Баянный чехол, лежавший на бетонном полу, послужил нам походным столиком, на котором оптикой голодных зрачков были запечатлены: бутылка дешёвого портвейна (с привкусом ранней смерти), объеденная с обеих сторон буханка недопечённого хлеба и выпотрошенная пачка “Примы”. Попеременно мы прикладывались к зелёному стеклу бутылки, закуривая крепкий сироп табачной горечью и закусывая хлебом. Пили на голодный желудок и поэтому довольно скоро захмелели.
– Лав, сыграй что-нибудь старинное, – душевно обратился я к индейцу.
Лав снисходительно улыбнулся на реплику дилетанта. Он заканчивал “музуху”, и поэтому всё “старинное” у него имело своего автора и музыкальный жанр с завораживающими мой слух названиями – чакона, пассакалия, сарабанда.
– Эту, как её, сарабанду сыграй, – с трудом вспомнил я.
– Тебе какую – Генделя али Баха? – неохотно и несколько иронично спросил Лав.
Хотя по его блестящим глазам было видно, что он и сам не прочь помузицировать. Тем более что нас уже нехило колбасило от портвейна.
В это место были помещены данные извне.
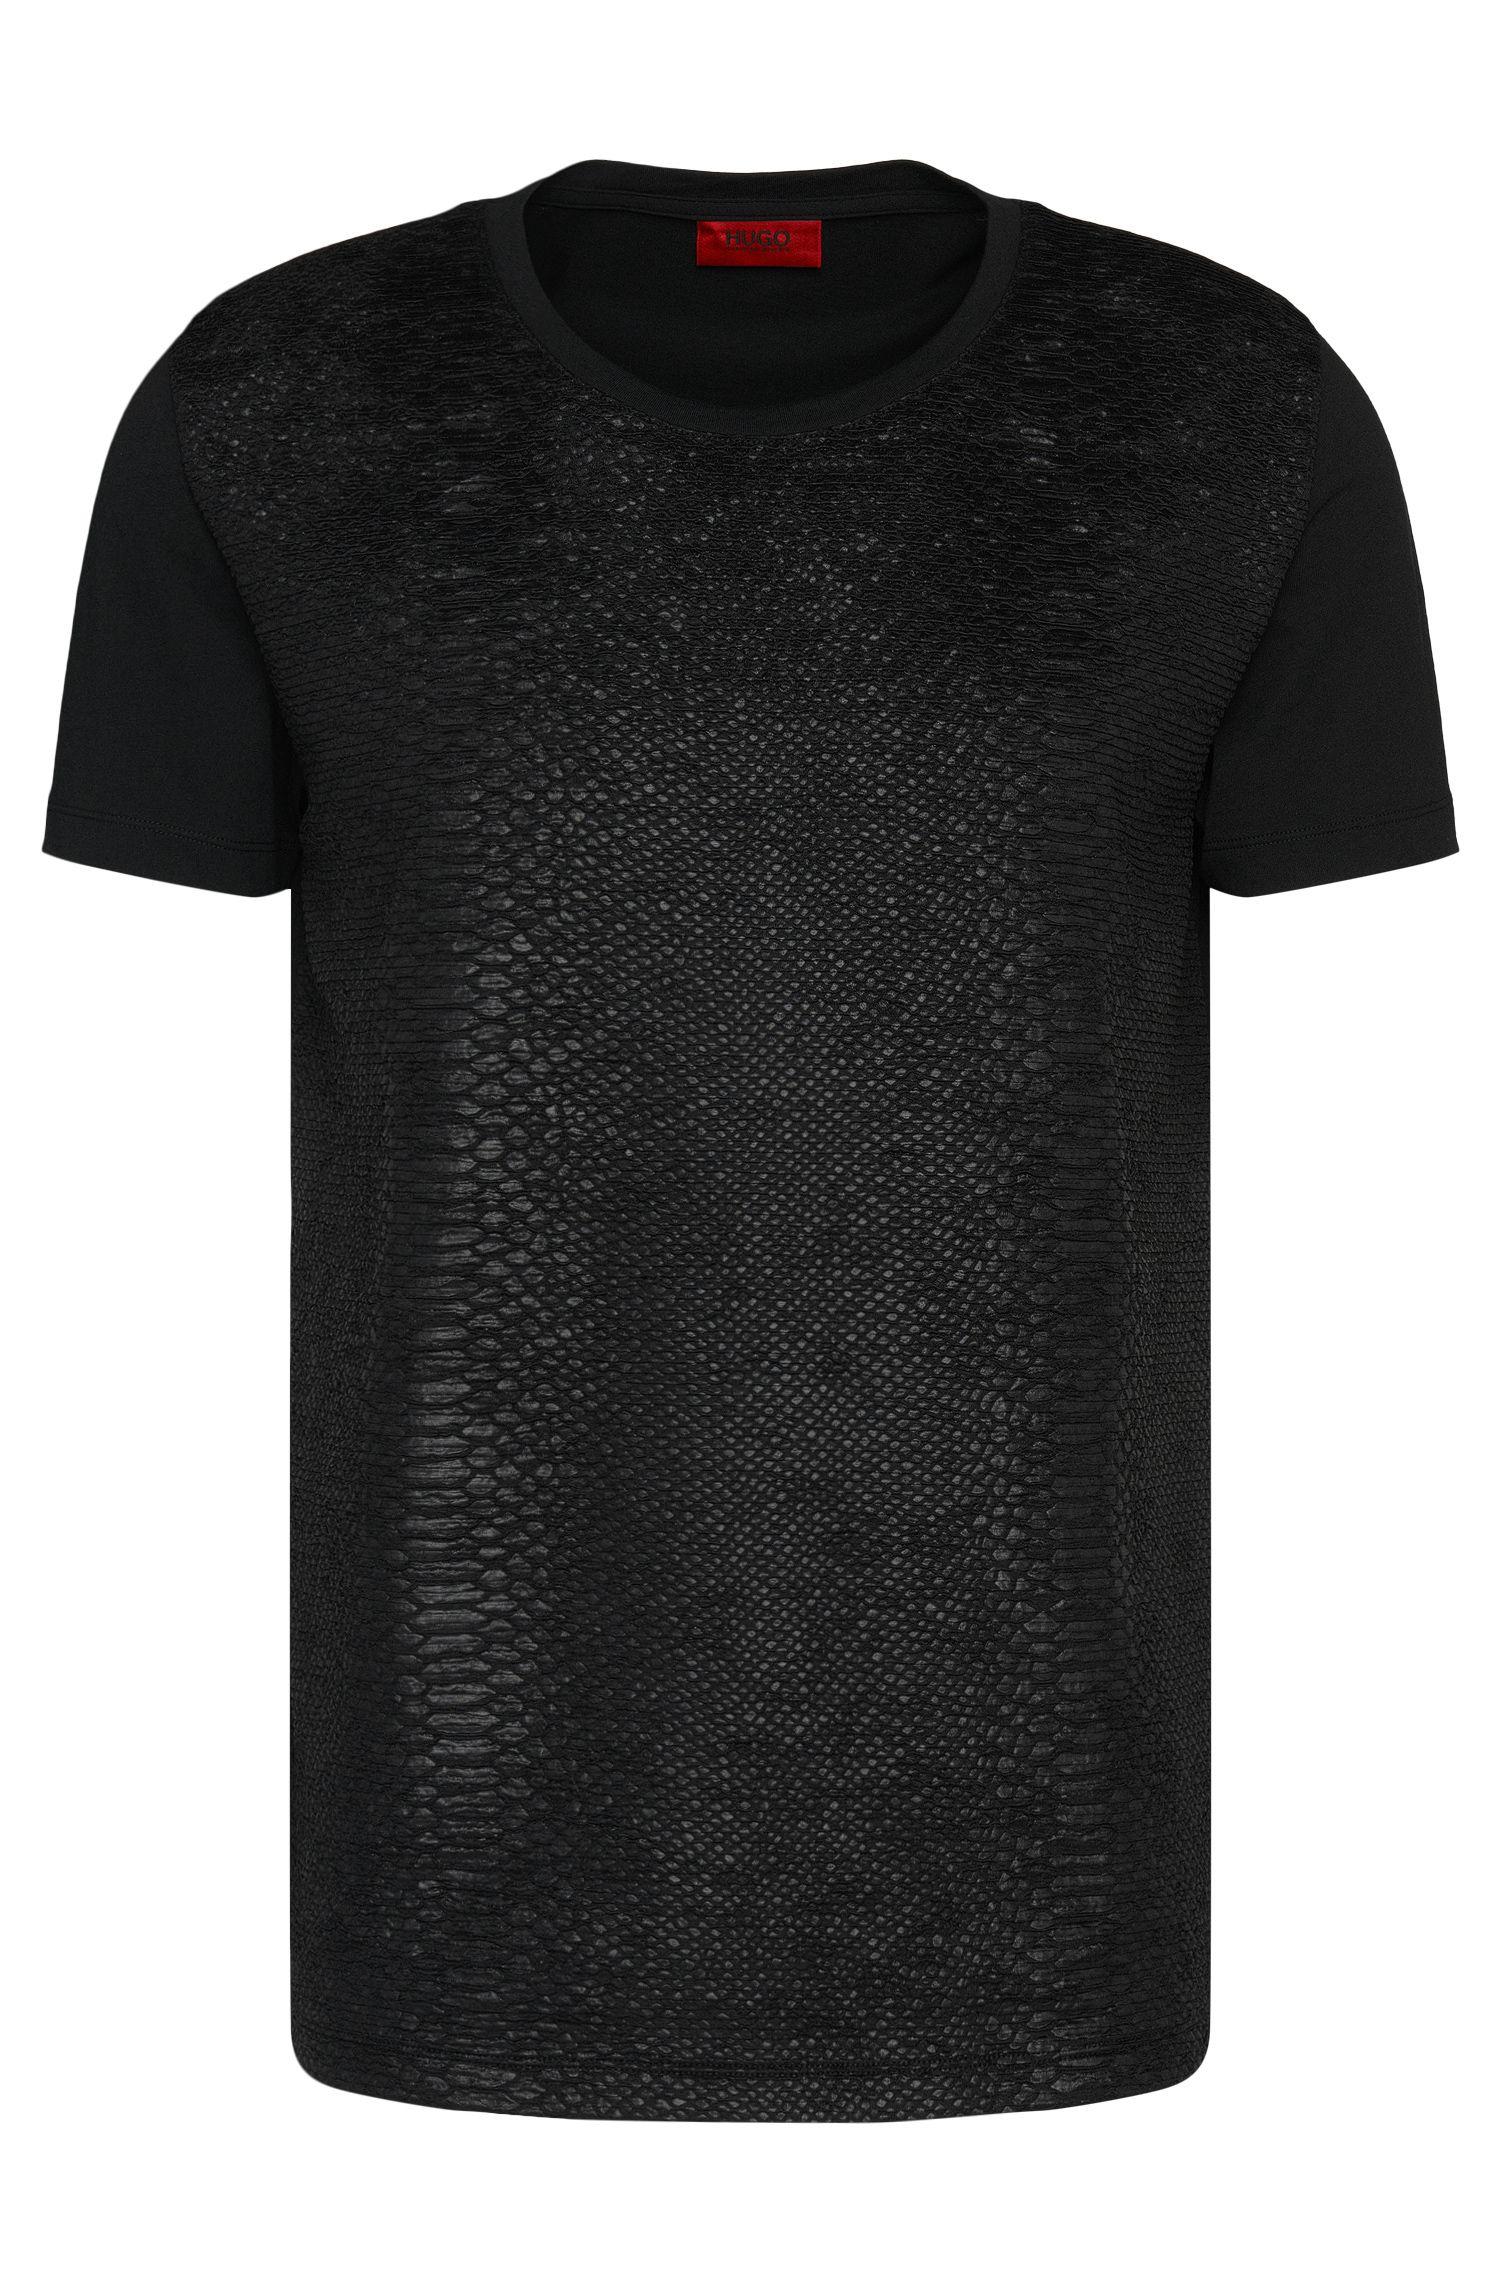 'Desert'   Cotton Snakeskin Textured T-Shirt
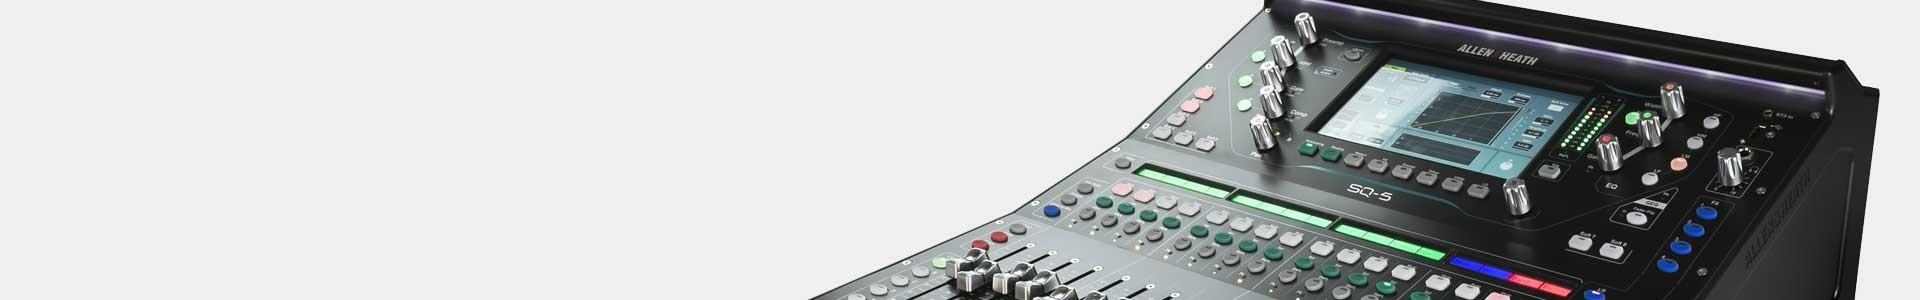 Allen & Heath - Avacab Audiovisuales

– Алибаха, – усмехнулся я и зажмурился, предвкушая космическую вязь барочного контрапункта (ну, тогда я таких слов, разумеется, не знал).
Лав аккуратно расчехлил баян, раздул шумные меха, но заиграл не сразу. Он всегда готовился, перед тем как обнаружить стороннему слуху музыкальные звуки, – прядал в воздухе тонкими пальцами, мимически изображал неведомые мне переживания, отмахивал длинные пряди, опутавшие инструмент, за спину. Но вот он блаженно прикрыл глаза и начал играть.
Исписанные нетрезвой рукой стены шевелились от божественных звуков и словно напоминали, что они могли бы быть не просто стенами (хранящими нелепые истории бытовых убийств), а фресками готических соборов или бесстрастным фоном для полотен фламандских мастеров. Подслеповатые окна, утыканные окурками, расцветали храмовыми витражами с библейскими сюжетами, а закопчённая потолочная высь разверзалась небесным сонмом архангелов и херувимов… Конечно, выражать музыку в словах глупо. Но по ощущениям было именно так.
Незаметно приоткрылась дверь соседа нашего панка, и оттуда показалось недоброе лицо в пресловутой кепке-восьмигранке. Одновременно высунулась ещё пара таких же лиц, играющих скулами, и с любопытством смотрела на нас.
– Э-то чё тут за кон-церт? – раздался отчётливый голос соседа с характерной шипящей интонацией змеи перед броском.
Баян словно бы чем-то поперхнулся и умолк.
– Да мы так, – робко ответил я, – Ромку ждём.
– А-а, Ромку, – теплея в голосе, сказал сосед. – Ромка – нормальный пацан, только друзья у него пидоры.
Замечание было не в нашу пользу. Но мы, повидавшие на своём веку и не такие “неловкие ситуации”, сохраняли спокойствие. А Лав даже осмелился закурить, хотя тонкие пальцы его, держащие сигарету, заметно дрожали.
– Чё за напиток?
– Портвейн.
– Угости сигареткой.
– Пожалуйста.
Чутьё мне подсказывало, что бить нас будут не сразу. Это был один из сценариев, когда жестокому и бессмысленному избиению предшествовал душевный разговор за жизнь: “чем занимаешься”, “где учишься”, “чё за браслеты”, “музыкант или нефор”. В последнем вопросе содержалась существенная для здоровья разница. Нефор – значило клоун, пустой человек. А если удавалось “обосновать”, что ты музыкант, то в холодных серых зрачках мелькал огонёк уважения. И тогда встреча могла обернуться только разговором с пристрастием и пением “группы крови на рукаве”, без срезанных тупым лезвием волос.
– Серый, зацени гармошку.
– Это баян, – скорбно заметил индеец.
– Один хрен. Слышь, нефор. Сбацай чё-нить. “Мурку” знаешь?
– Не знаю.
– Музыкант, а “Мурки” не знаешь, – с укоризной покачал головой сосед. – Сыграй, чё знаешь.
–“Сарабанду” Генделя знаю, – оживился индеец.
– Эт чё за певец? Не слыхал.
– Это не певец, а композитор восемнадцатого века.
– Не, мне со словами надо. А то отмудохаю.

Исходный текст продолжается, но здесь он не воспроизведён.